Friday, April 26, 2002

By Rob Owen, Post-Gazette TV Editor

Judging by the commercials for CBS's four-hour miniseries "Living with the Dead" (9 p.m. Sunday and Tuesday), it's easy to assume star Ted Danson is not among the living. He looks positively cadaverous.

But -- surprise! -- he's alive. An ashen Danson merely sees dead people in this preposterous, molasses-paced program. Think of it as "Crossing Over: The Miniseries."

Instead of John Edward, "famed medium" James Van Praagh conjured this tale for his best-selling novel, "Talking to Heaven." CBS changed the title, no doubt to avoid anything too religious (heaven forbid).

Danson plays the grown-up James, who reflects back on his childhood when he realizes his power to talk to the dead. The scenes of young James have a stark believability about them, but by the time Mary Steenburgen (Danson's real-life wife) arrives in his adulthood as a police detective who easily believes James' ability, "Living with the Dead" gets loony.

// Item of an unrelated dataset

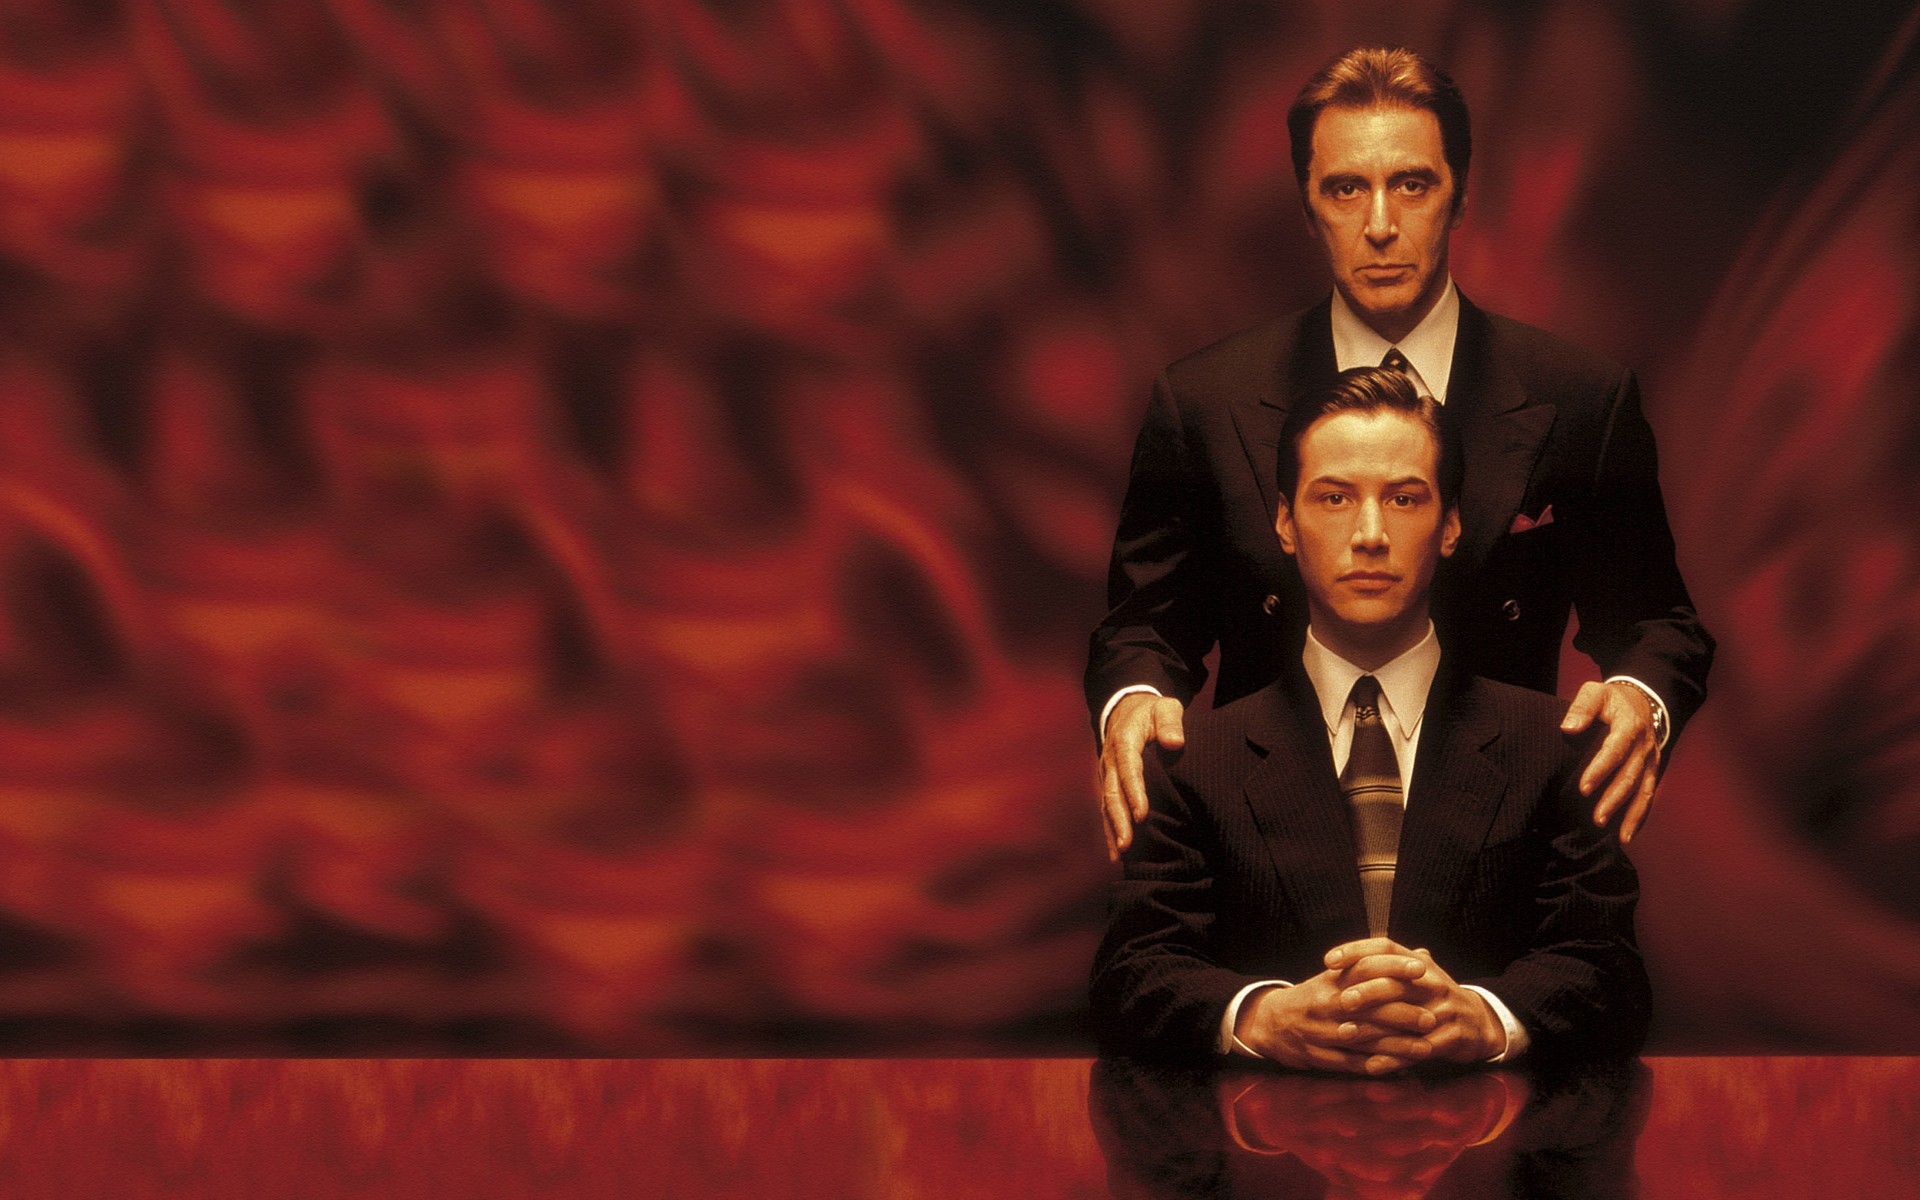 Men Actor Movies Film Stills Suits Tie Al Pacino Keanu Reeves Fire Devil Satan Burning Movie Poster  1920x1200

After a start that's rooted in some sort of reality, "Living With the Dead" becomes a supernatural murder mystery as James and the detective try to figure out who's killing teen-age boys by burying them alive.

This depressing story could have made a creepy episode of "The X-Files" -- and maybe at some point it did -- but as a drawn-out miniseries there are too many children-in-jeopardy scenes. Maybe CBS is going for the coveted masochist demographic.

Danson, besides looking ill throughout the program, overdoes the gaping mouth, I-can't-believe-what-I'm-seeing thing. He's also the most apologetic psychic ever, constantly saying "sorry" for his impolite conversations with ghosts no one else can see.

Soon he'll owe an apology to anyone who sits through this miniseries.

'The Gathering Storm' (8 p.m. tomorrow, HBO)

An intriguing snapshot of Winston Churchill (Albert Finney) from 1934 to the start of World War II, "The Gathering Storm" shows the political games played in England as Germany armed itself for war.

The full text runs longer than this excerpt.